Problem requirements —
Write out exactly the lines below from the one containing "VAUDE Men's Brand T-Shirt (Bild 7)" to the last, both ends kept, and nothing more; skip all pictures.

Source data —
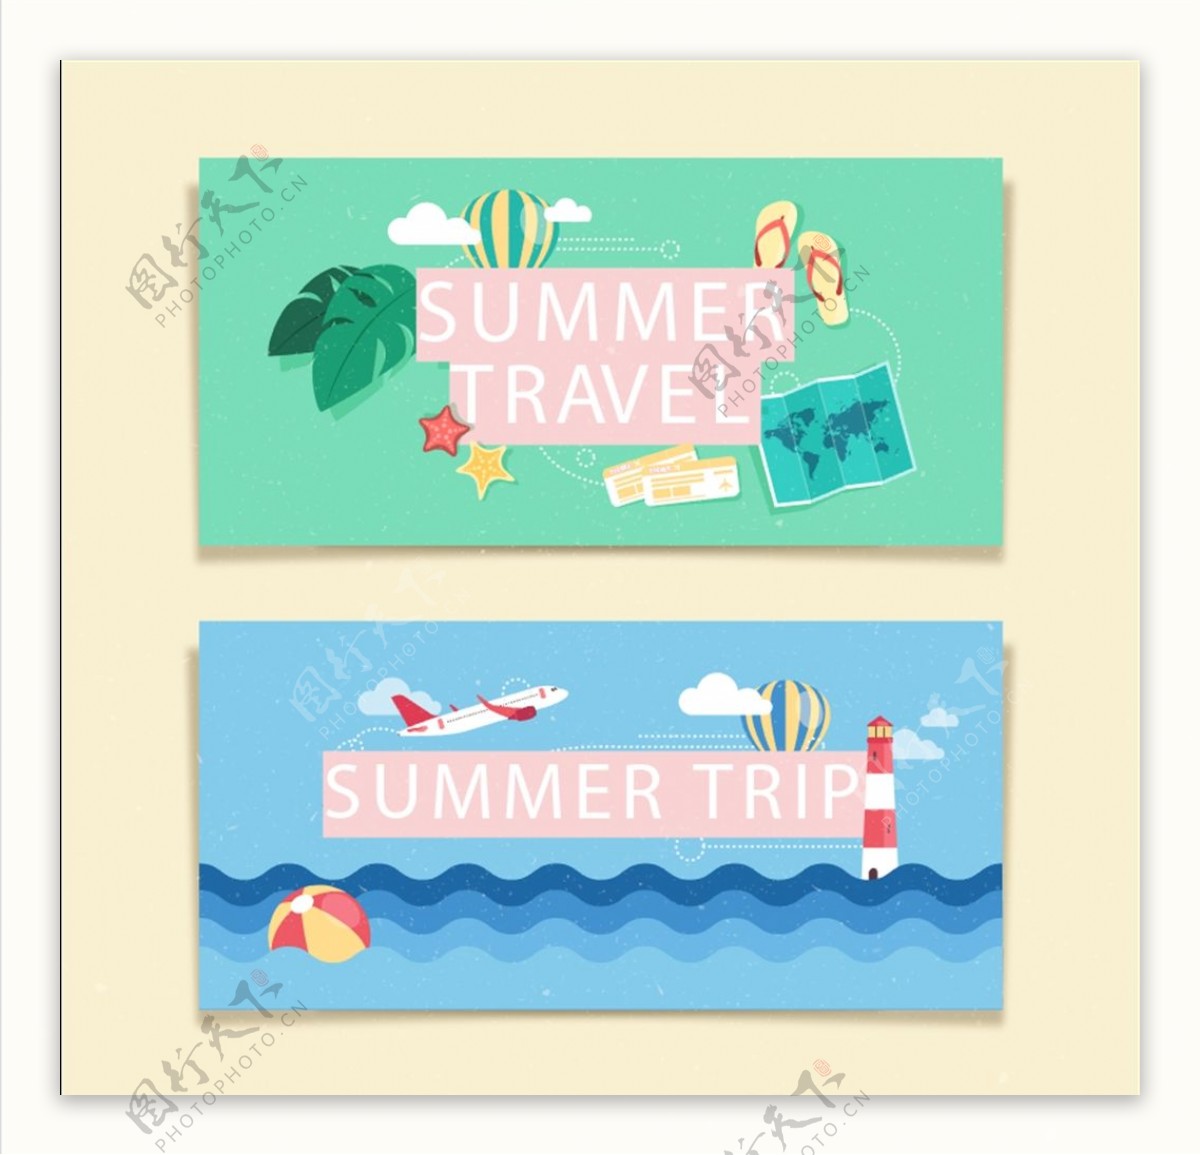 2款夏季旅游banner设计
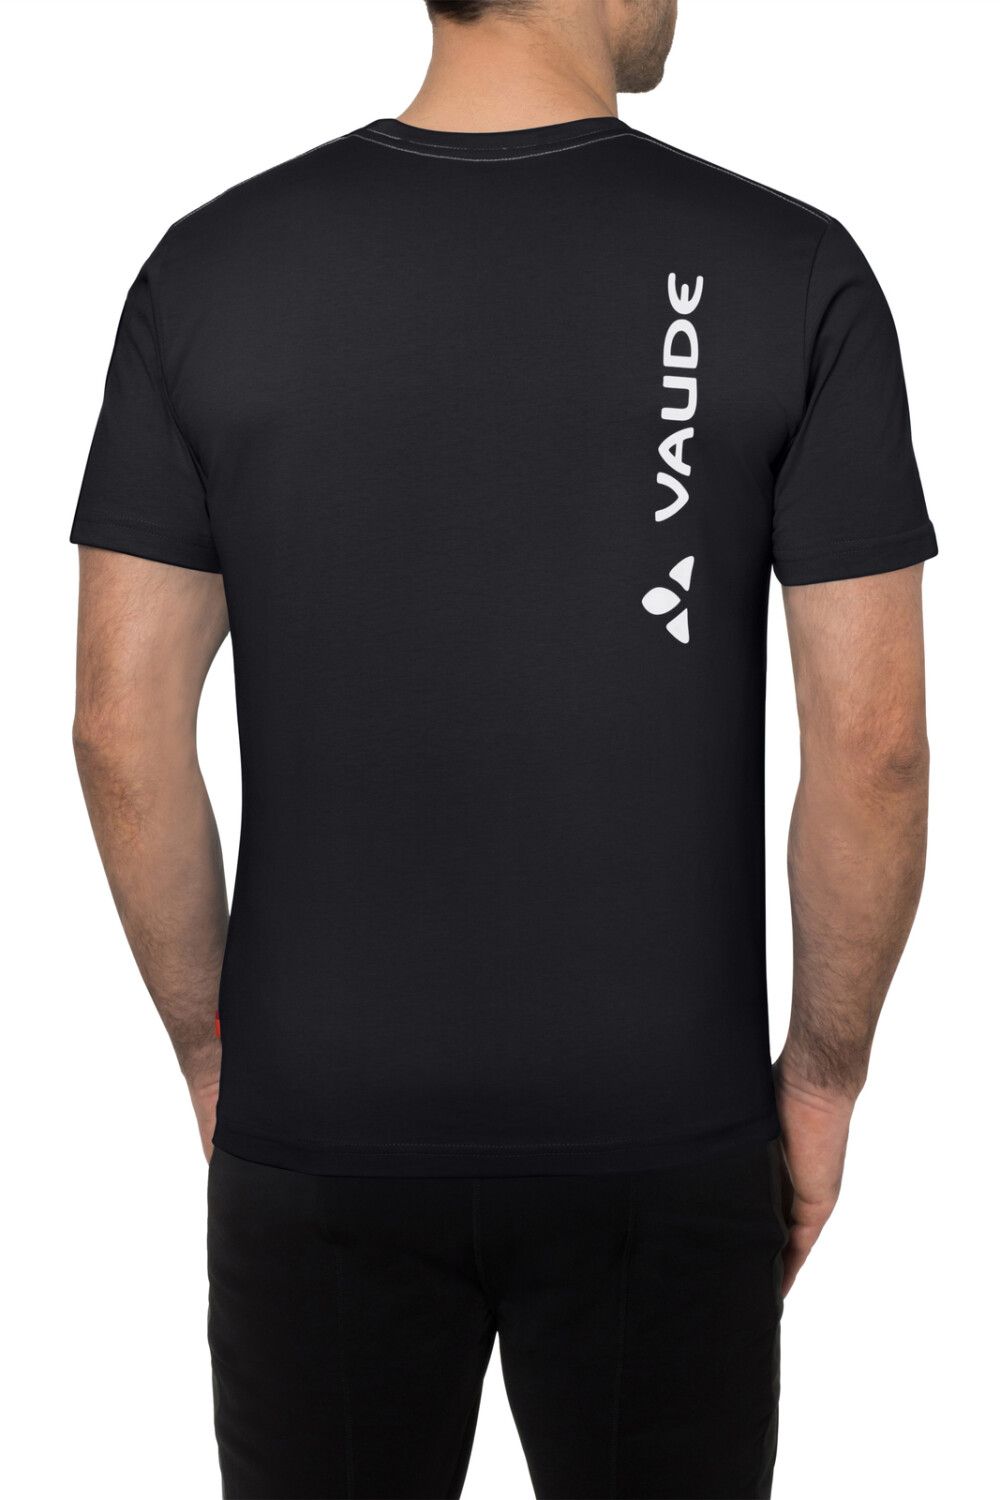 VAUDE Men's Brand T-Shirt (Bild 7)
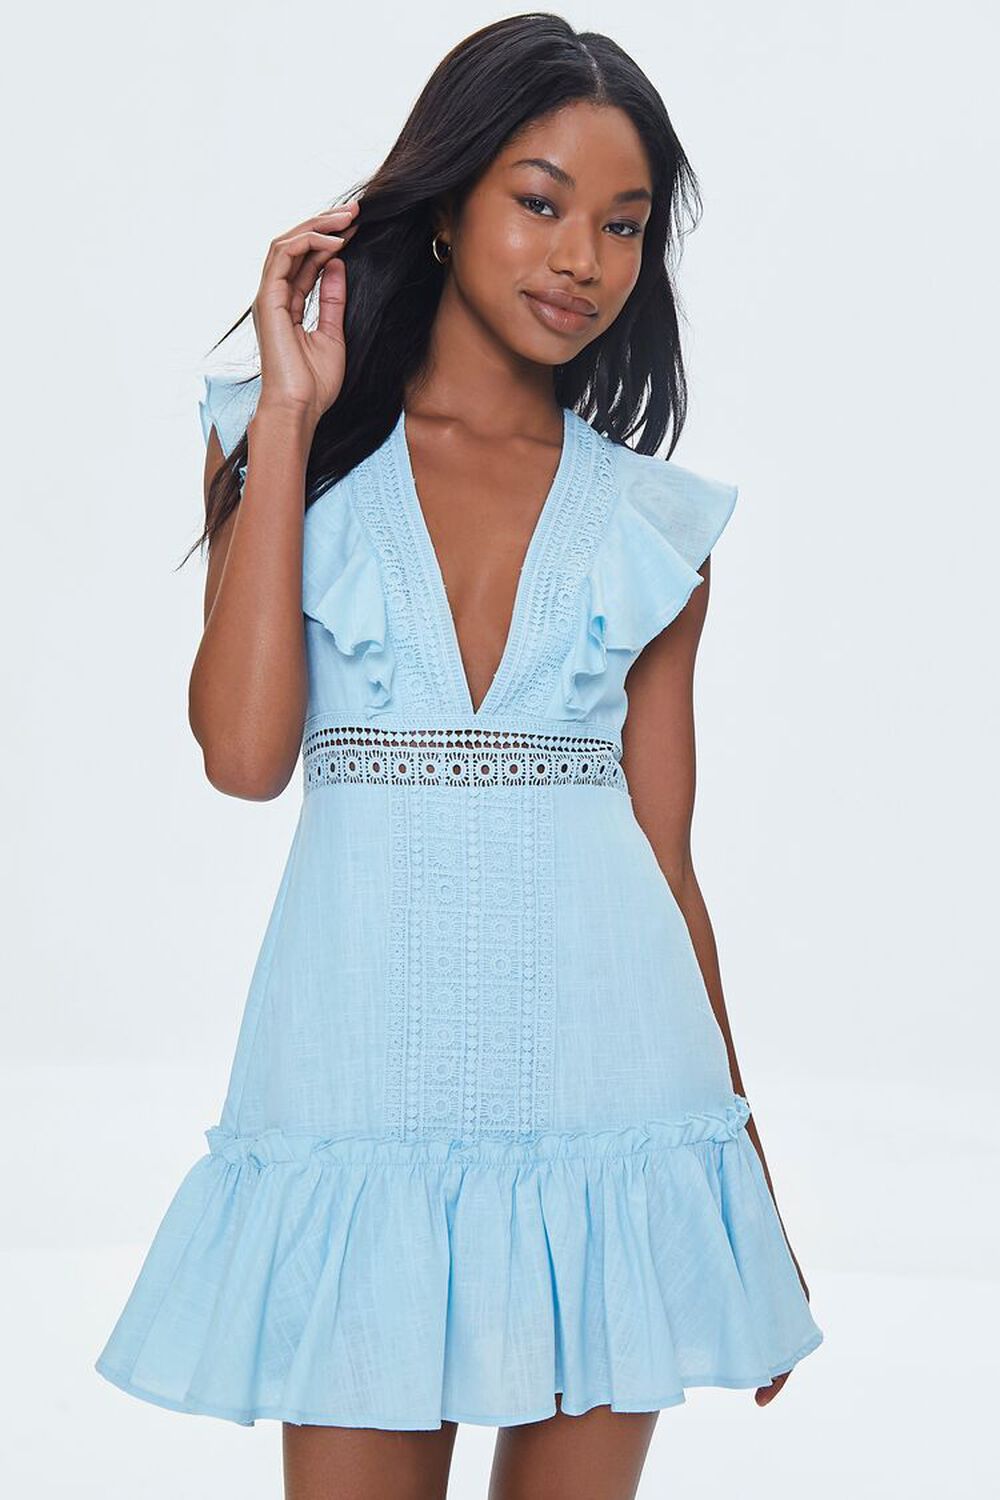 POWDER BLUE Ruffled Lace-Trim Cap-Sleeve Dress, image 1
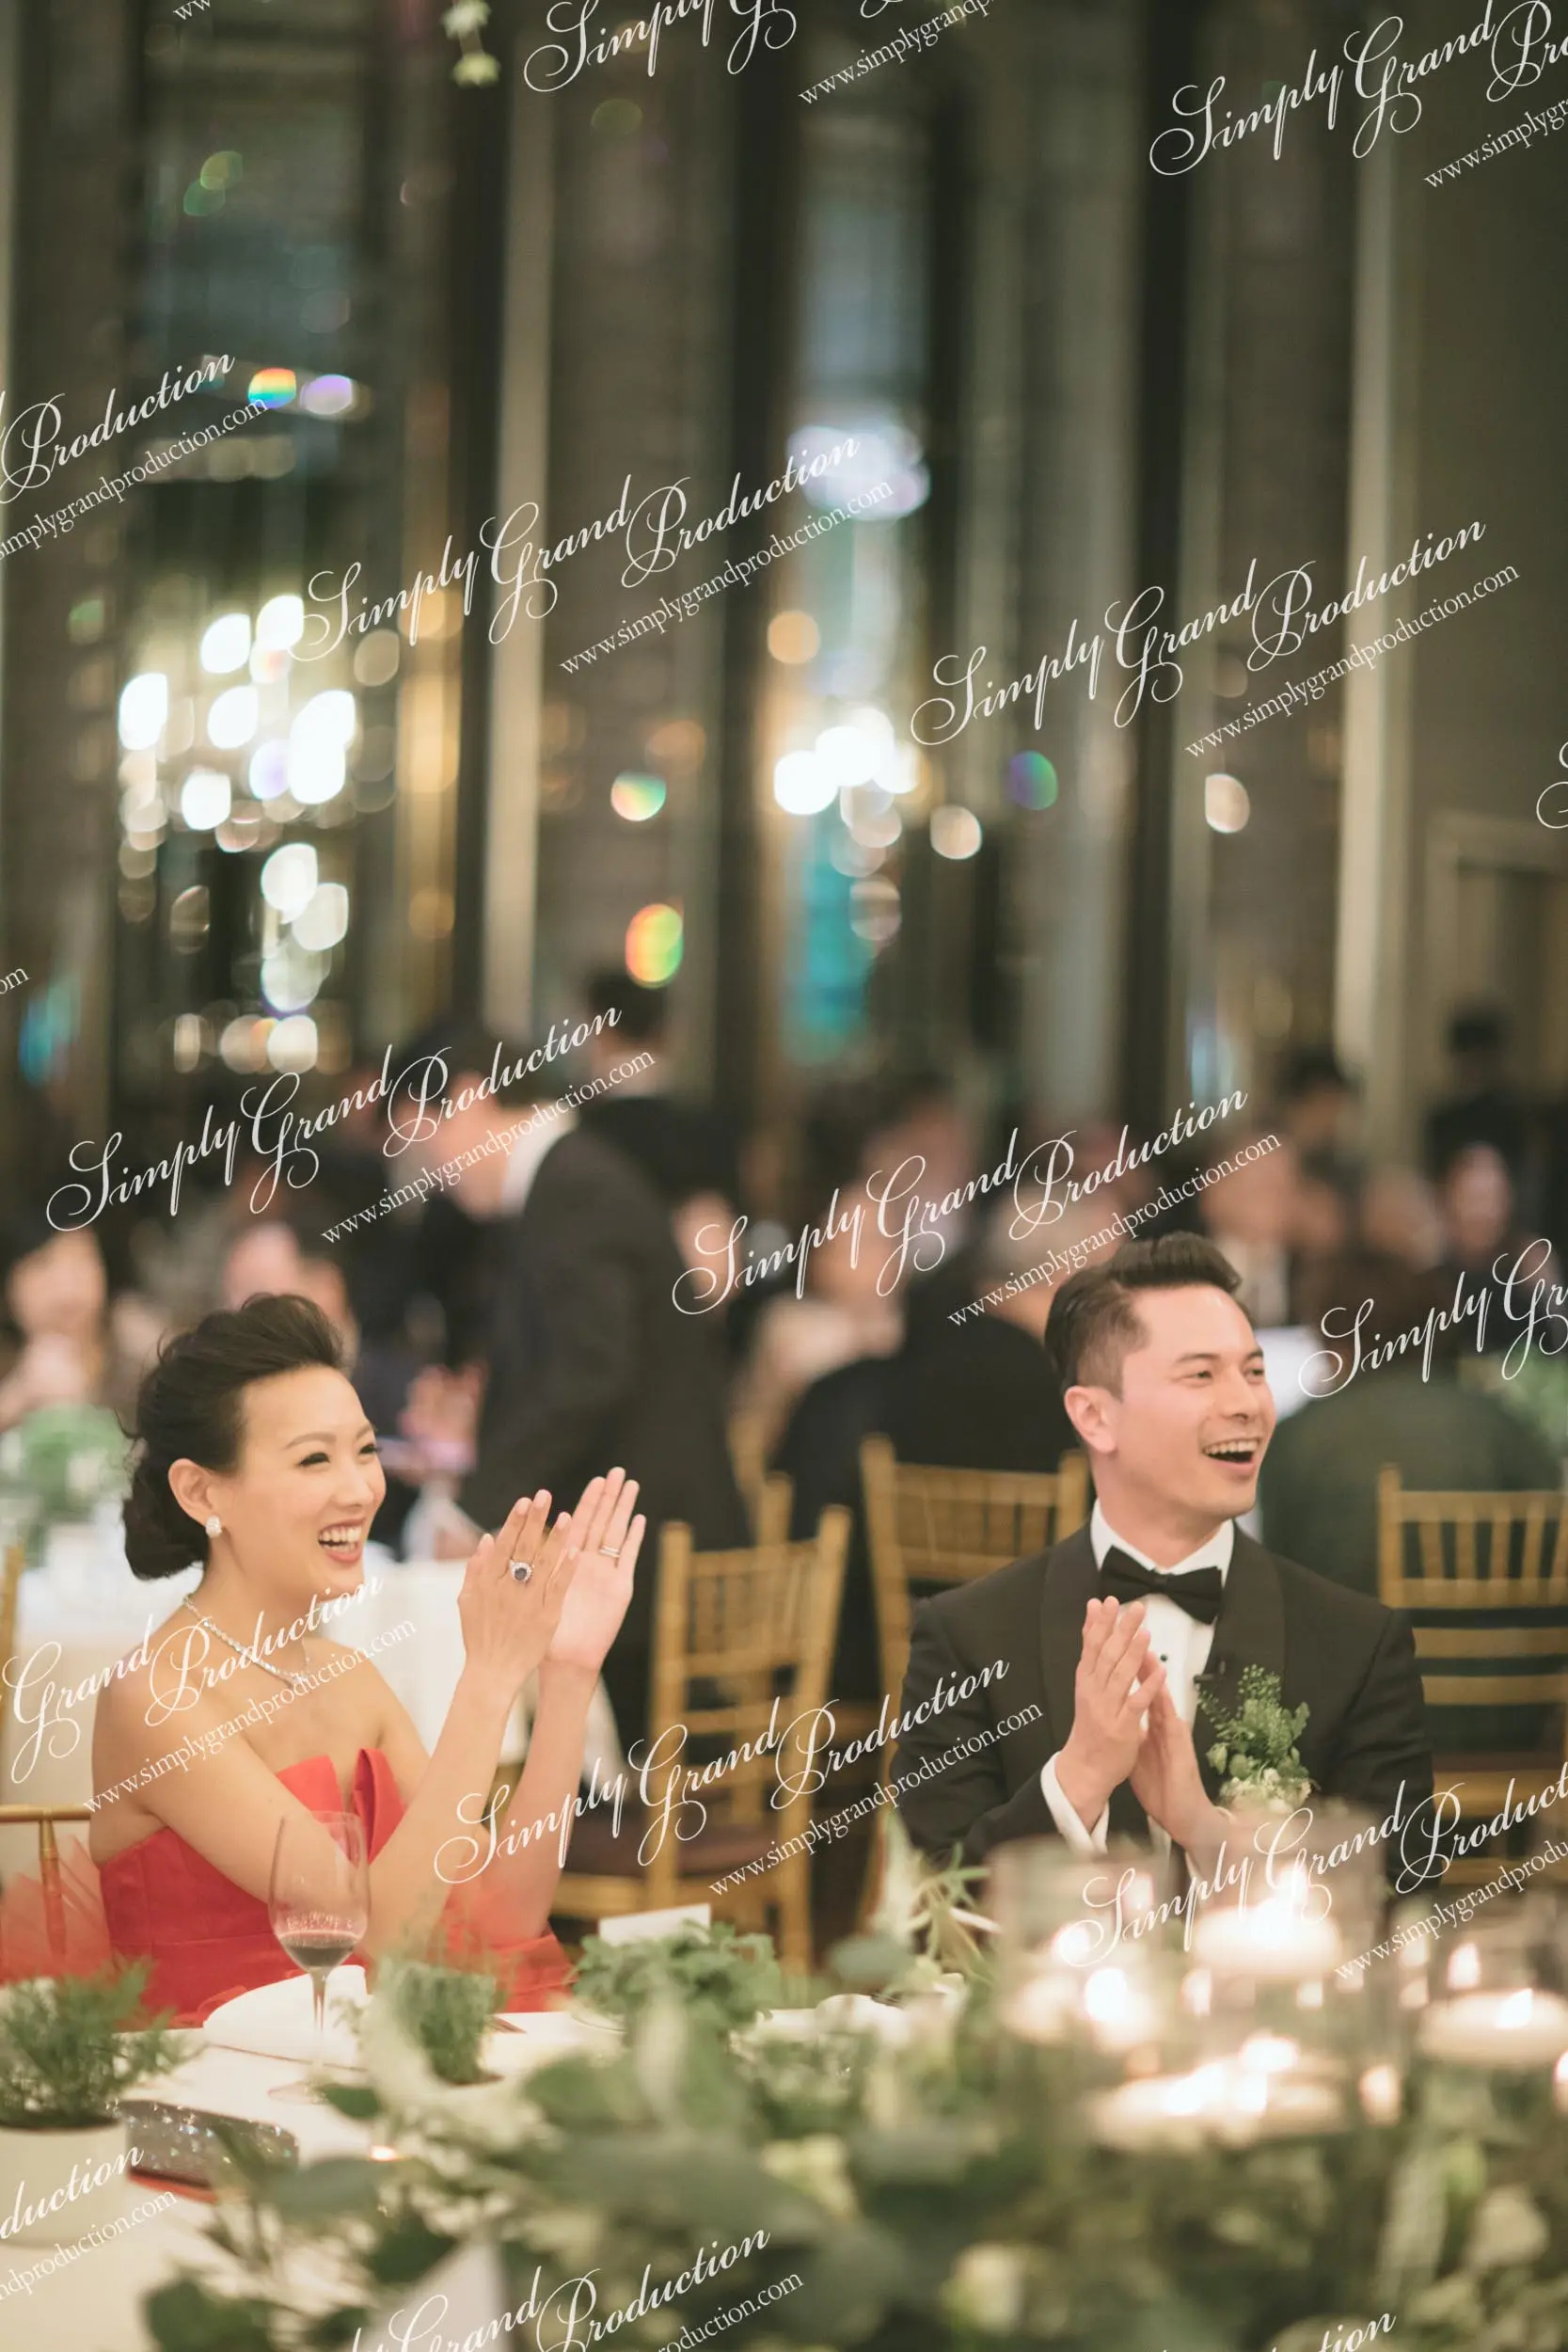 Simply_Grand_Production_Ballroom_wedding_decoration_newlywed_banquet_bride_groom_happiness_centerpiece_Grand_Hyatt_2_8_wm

Exercise solution —
 VAUDE Men's Brand T-Shirt (Bild 7)
 POWDER BLUE Ruffled Lace-Trim Cap-Sleeve Dress, image 1
 Simply_Grand_Production_Ballroom_wedding_decoration_newlywed_banquet_bride_groom_happiness_centerpiece_Grand_Hyatt_2_8_wm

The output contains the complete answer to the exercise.